Home >Database >Mysql Tutorial >Optimizing SQL queries: How to write high-performance SQL statements
The execution plan is a query plan made by the database based on the SQL statement and the statistical information of the related tables. This plan is automatically analyzed and generated by the query optimizer. For example, if a SQL statement is used to query 1 record from a table with 100,000 records, records, the query optimizer will choose the "index search" method. If the table is archived and there are currently only 5,000 records left, the query optimizer will change the plan and use the "full table scan" method.
It can be seen that the execution plan is not fixed, it is "personalized". There are two important points in generating a correct "execution plan":
(1) Does the SQL statement clearly tell the query optimizer what it wants to do?
(2) Is the database statistical information obtained by the query optimizer up to date and correct?
For the following two SQL statements, programmers think they are the same, but the database query optimizer thinks they are different.
select*from dual select*From dual
In fact, if the case is different, the query analyzer considers it to be two different SQL statements and must be parsed twice. Generate 2 execution plans. Therefore, as a programmer, you should ensure that the same query statement is consistent everywhere, even one more space will not work!
I often see that a SQL statement captured from the database is as long as 2 A4 sheets of paper when printed. Generally speaking, there are usually problems with such complex statements. I took this 2-page long SQL statement to ask the original author, but he said it took too long and he couldn't understand it for a while. It is conceivable that even the original author may be confused by the SQL statement, and the database will be confused as well.
Generally, the results of a Select statement are used as a subset, and then the query is performed from the subset. This kind of one-level nested statement is relatively common, but according to experience, if there are more than three levels of nesting, the query optimizer will easily give Wrong execution plan. Because it was stunned. Things like artificial intelligence are ultimately inferior to human resolution. If people are dizzy, I can guarantee that the database will be dizzy as well.

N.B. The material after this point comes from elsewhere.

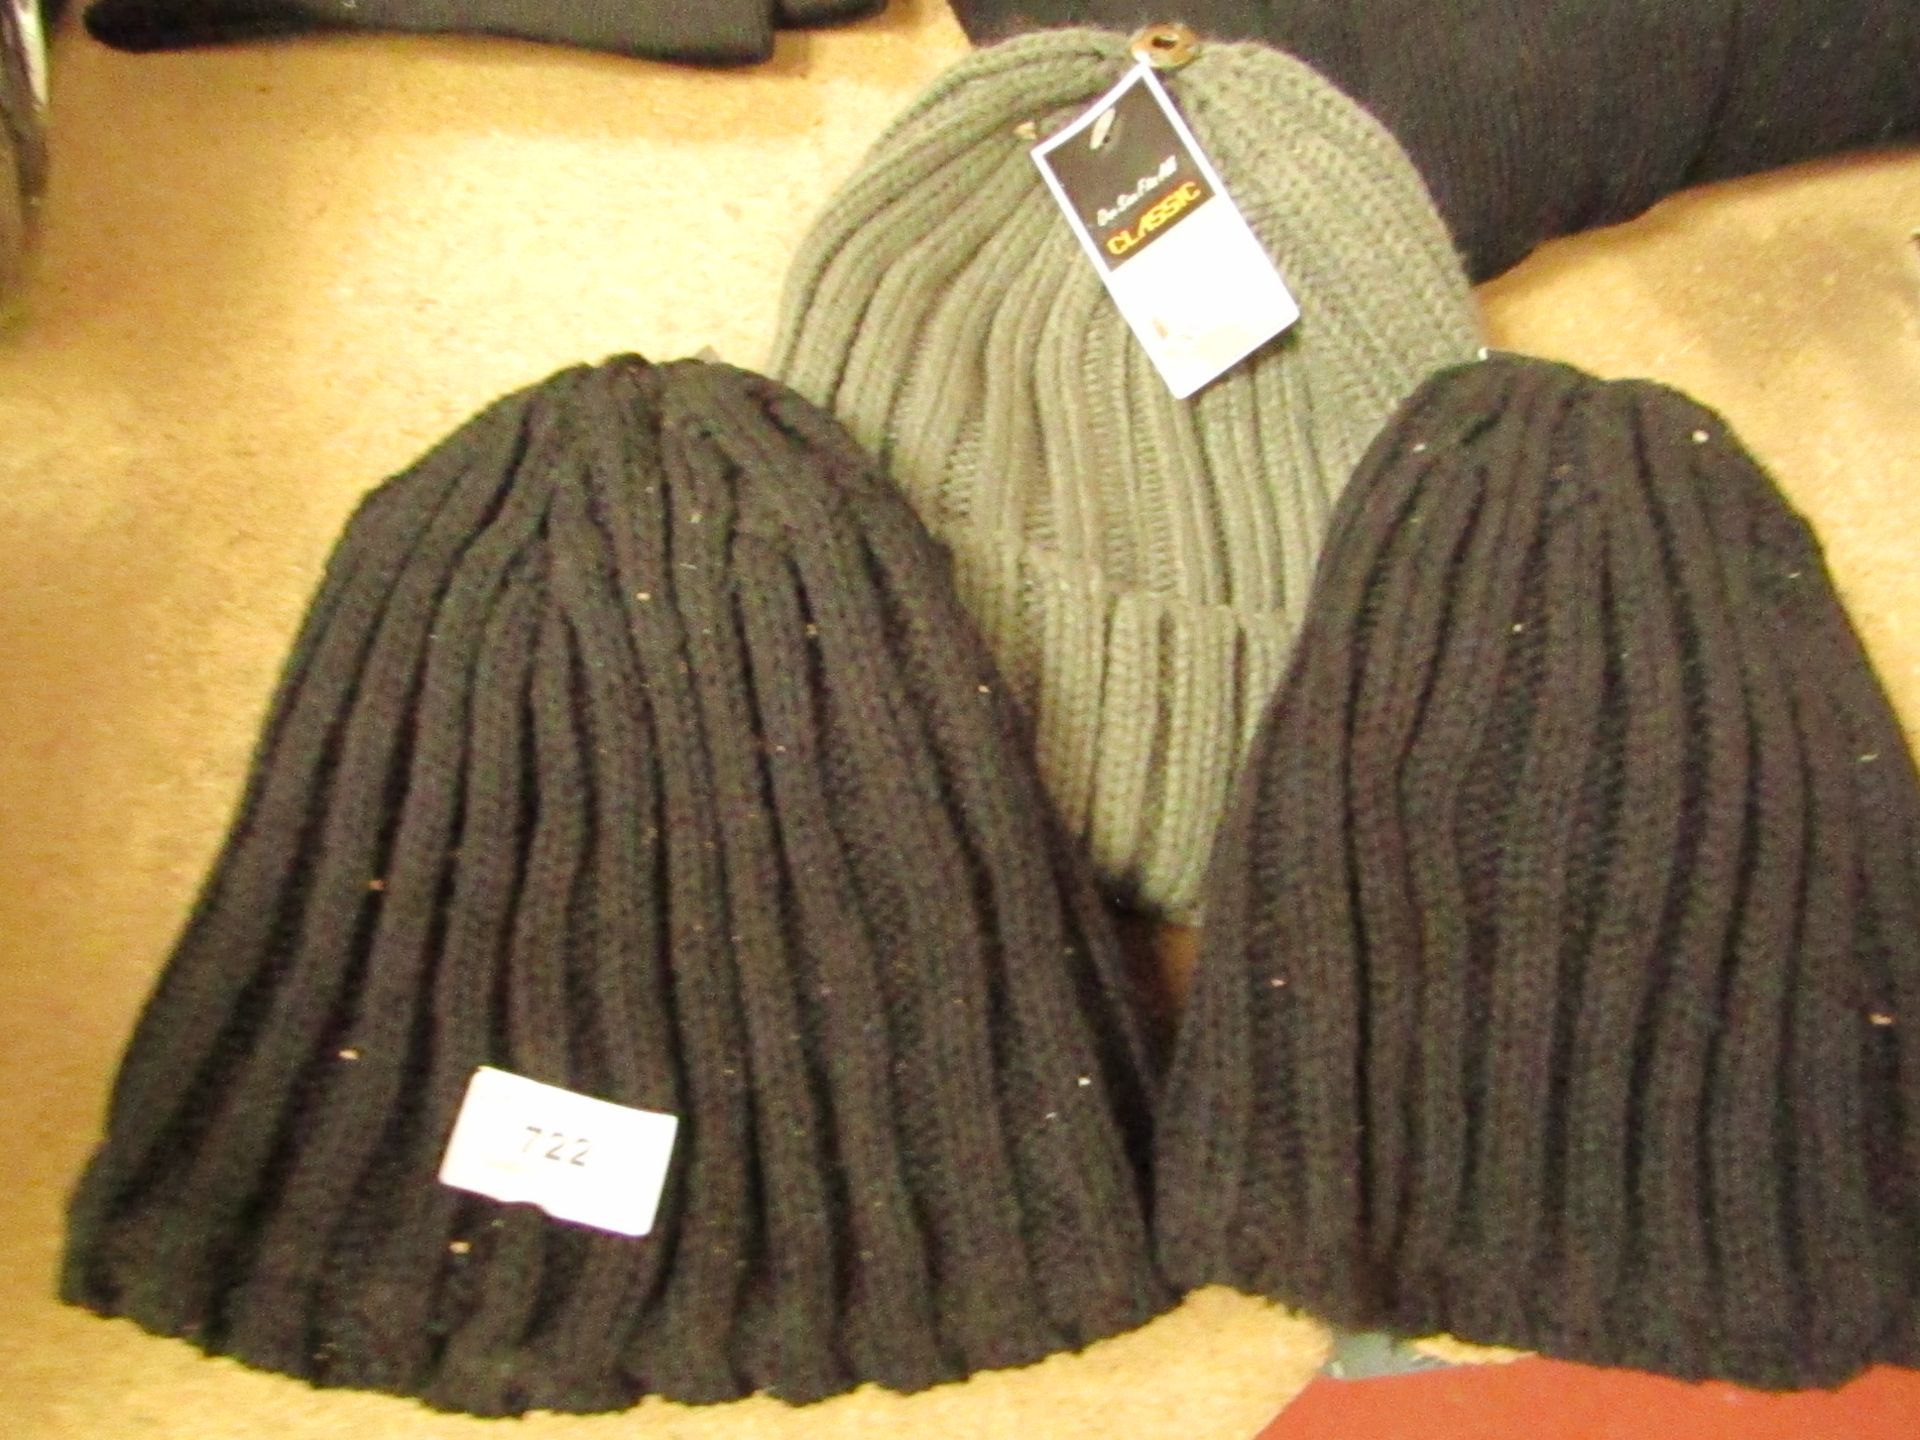 5 items of Knit wear being 3 x Chunky Hats & 2 x Scarves (some with tags)

In addition, the execution plan can be reused, and the simpler the SQL statement, the higher the possibility of being reused. As long as one character changes in a complex SQL statement, it must be re-parsed, and then a lot of garbage will be stuffed in the memory. It is conceivable how inefficient the database will be.
An important way to simplify SQL statements is to use temporary tables to temporarily store intermediate results. However, the benefits of temporary tables are far more than these. Temporary results are stored in temporary tables, and subsequent queries are in tempdb, which can avoid multiple times in the program. Scanning the main table also greatly reduces "shared lock" blocking and "update lock" during program execution, reducing blocking and improving concurrency performance.

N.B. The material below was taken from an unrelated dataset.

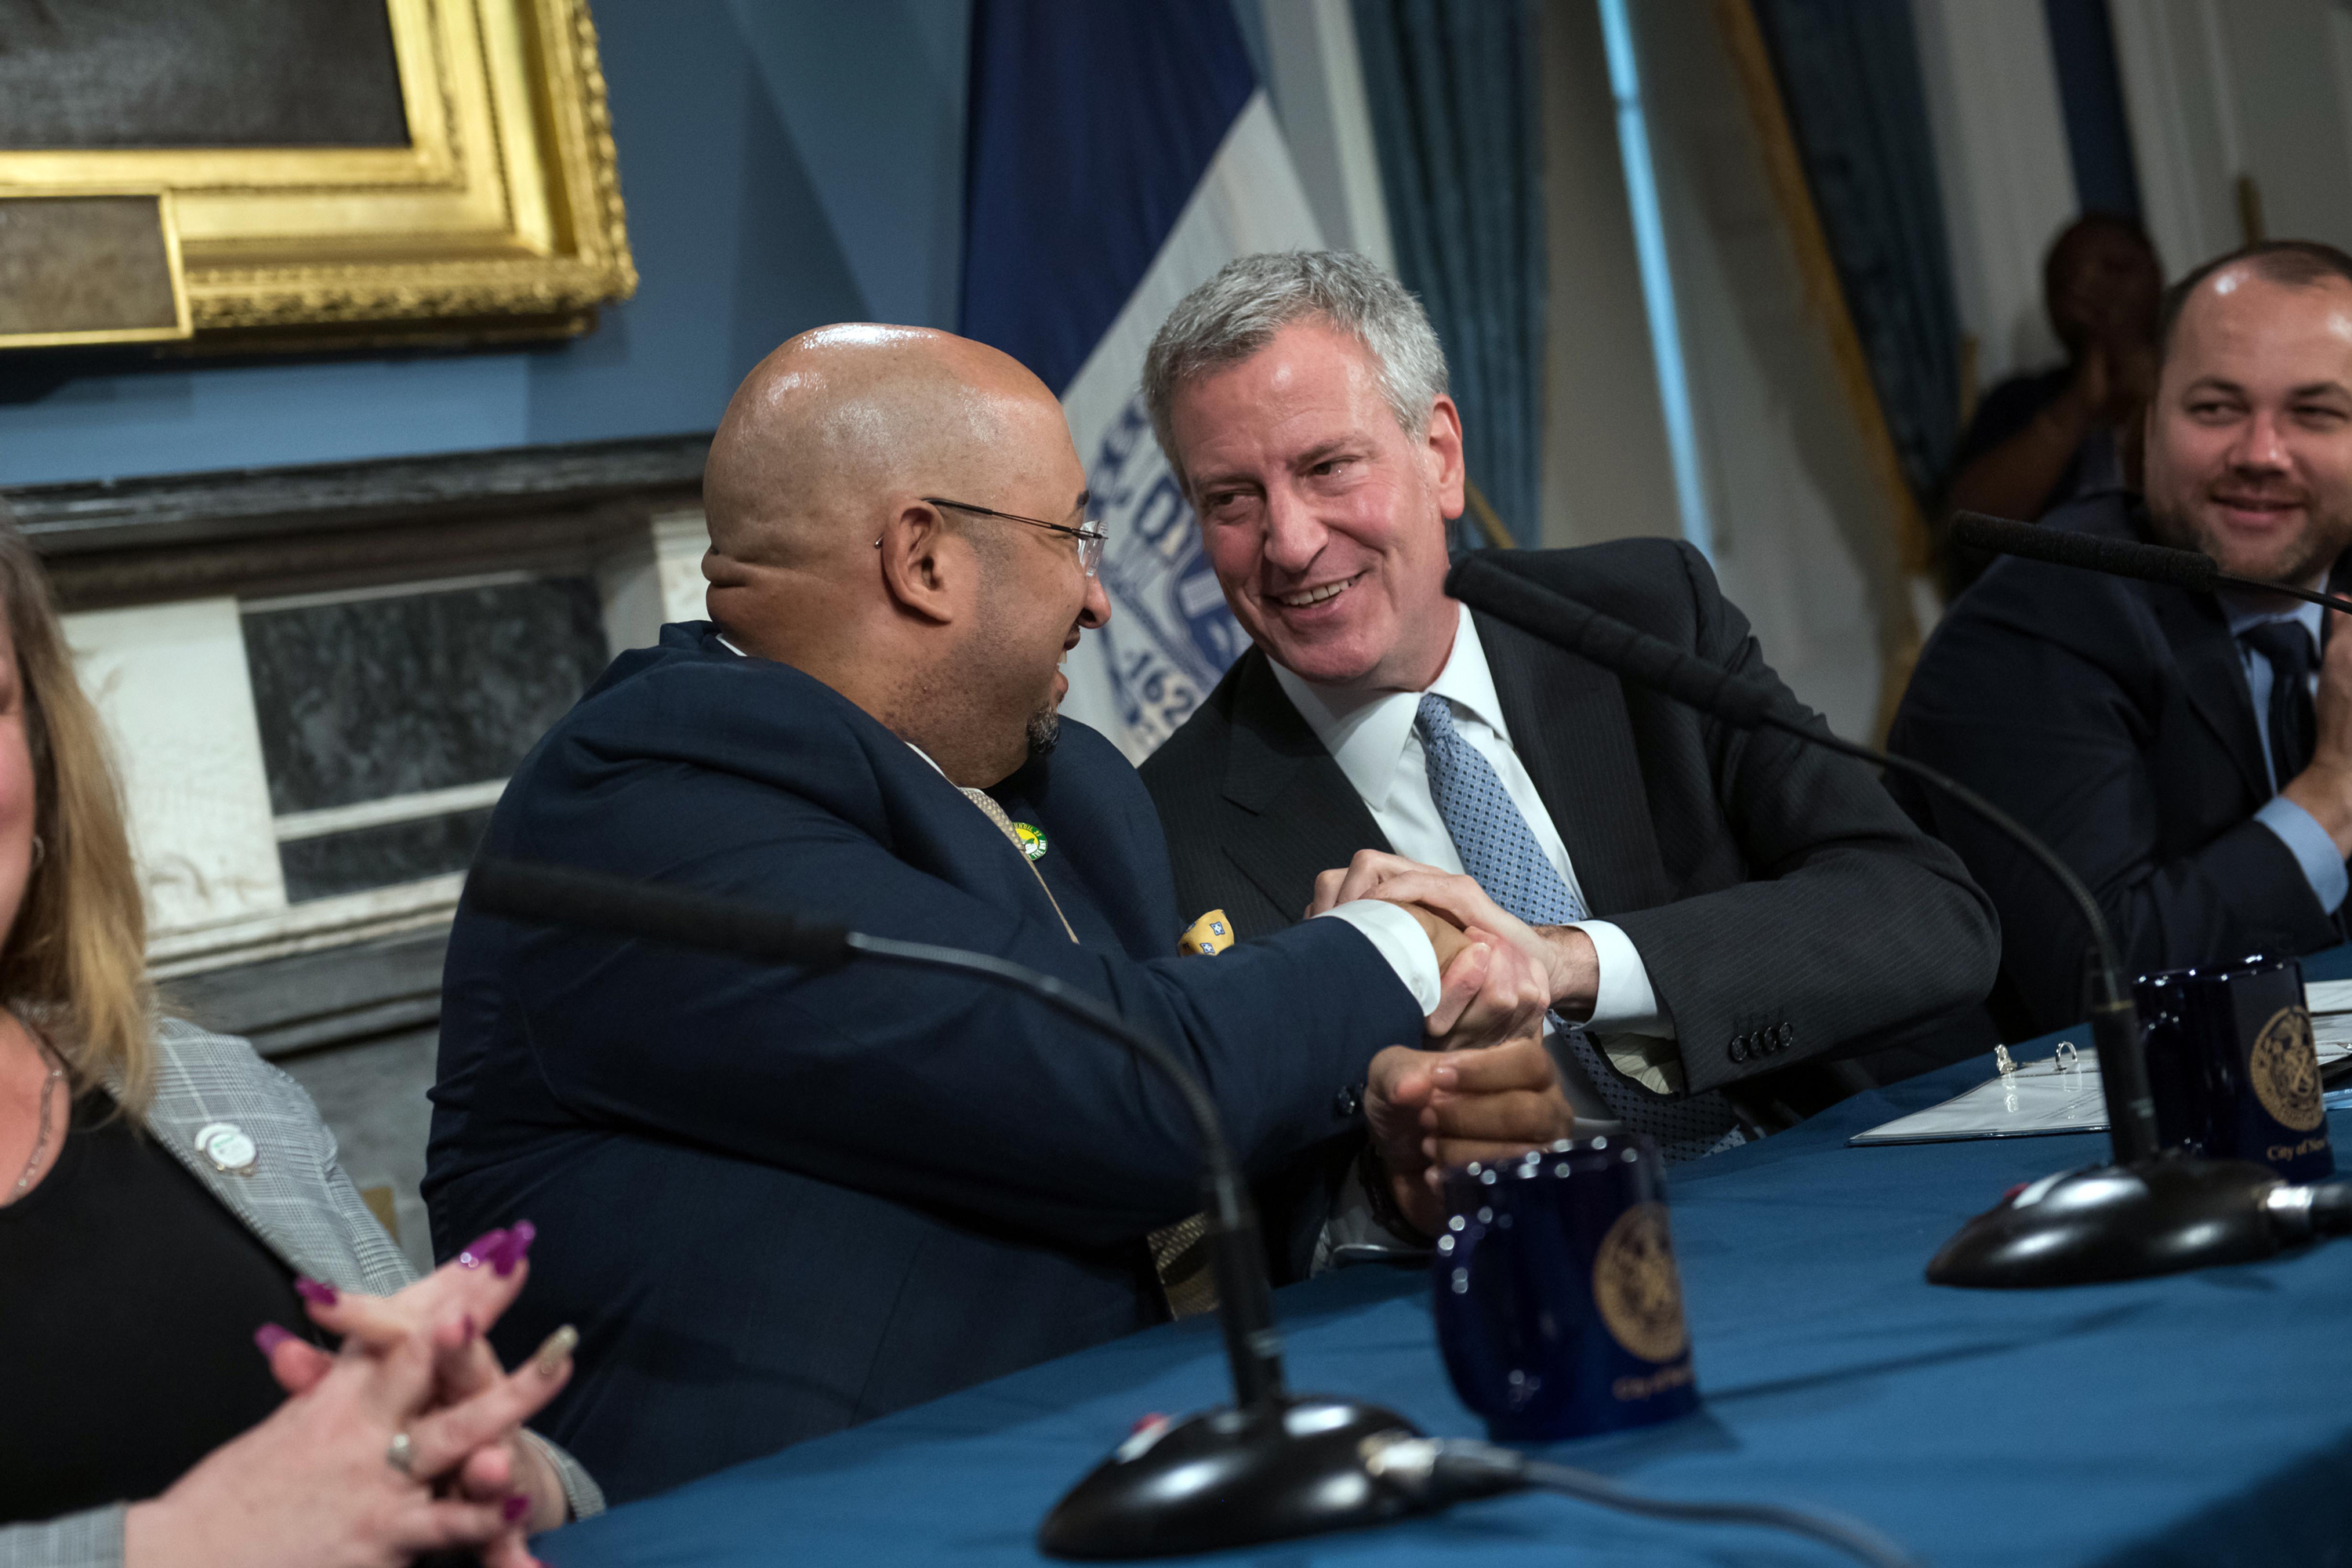 Mayor Bill de Blasio shakes hands with District Council 37 Executive Director Henry Garrido after announcing a contract agreement in 2019.

select*from orderheader where changetime >'2010-10-20 00:00:01' select*from orderheader where changetime >'2010-09-22 00:00:01'
The above two statements are considered by the query optimizer to be different SQL statements and need to be parsed twice. If using bind variables
select*from orderheader where changetime >@chgtime
The @chgtime variable can pass in any value, so that a large number of similar queries can reuse the execution plan, which can greatly reduce the burden of the database parsing SQL statements. Parse once and reuse multiple times is the principle to improve database efficiency.

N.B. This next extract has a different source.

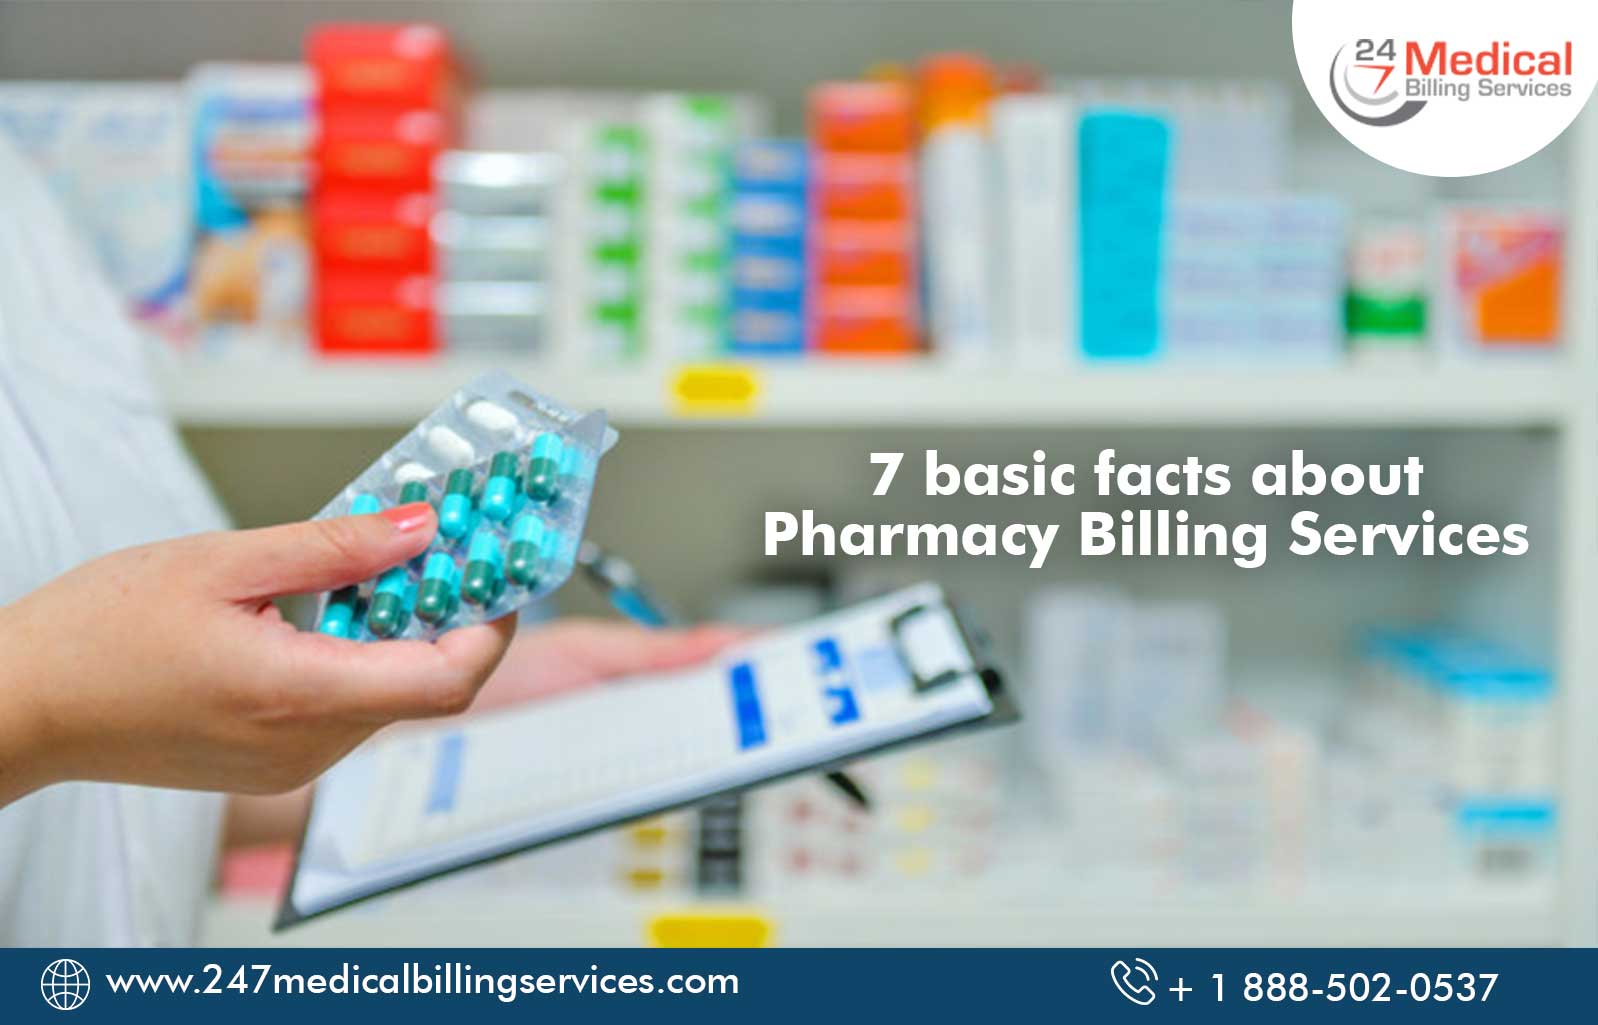  7 basic facts about Pharmacy Billing Services

There are two sides to everything, and bind variables are applicable to most OLTP processes, but there are exceptions. For example, when the field in the where condition is a "skewed field".
"Tilted field" means that most of the values in the column are the same. For example, in a census table, in the "Ethnicity" column, more than 90% of the values are Han. So if a SQL statement wants to query the population of Han people who are 30 years old, then the "ethnic" column must be placed in the where condition. At this time, there will be a big problem if you use the bind variable @nation.
Just imagine if the first value passed in by @nation is "Han", then the entire execution plan will inevitably choose table scan. Then, the second value passed in is "Buyei". It stands to reason that the proportion of "Buyi" may be only one ten thousandth, so index search should be used. However, since the execution plan of "Han" parsed for the first time is reused, the table scan method will also be used for the second time. This problem is the famous "bind variable snooping". It is recommended not to use bind variables for "skewed fields".
only when necessary. A SQL statement in SQL Server is a transaction by default, and it is committed by default after the statement is executed. In fact, this is a minimized form of begin tran, just like a begin tran is implied at the beginning of each statement, and a commit is implied at the end.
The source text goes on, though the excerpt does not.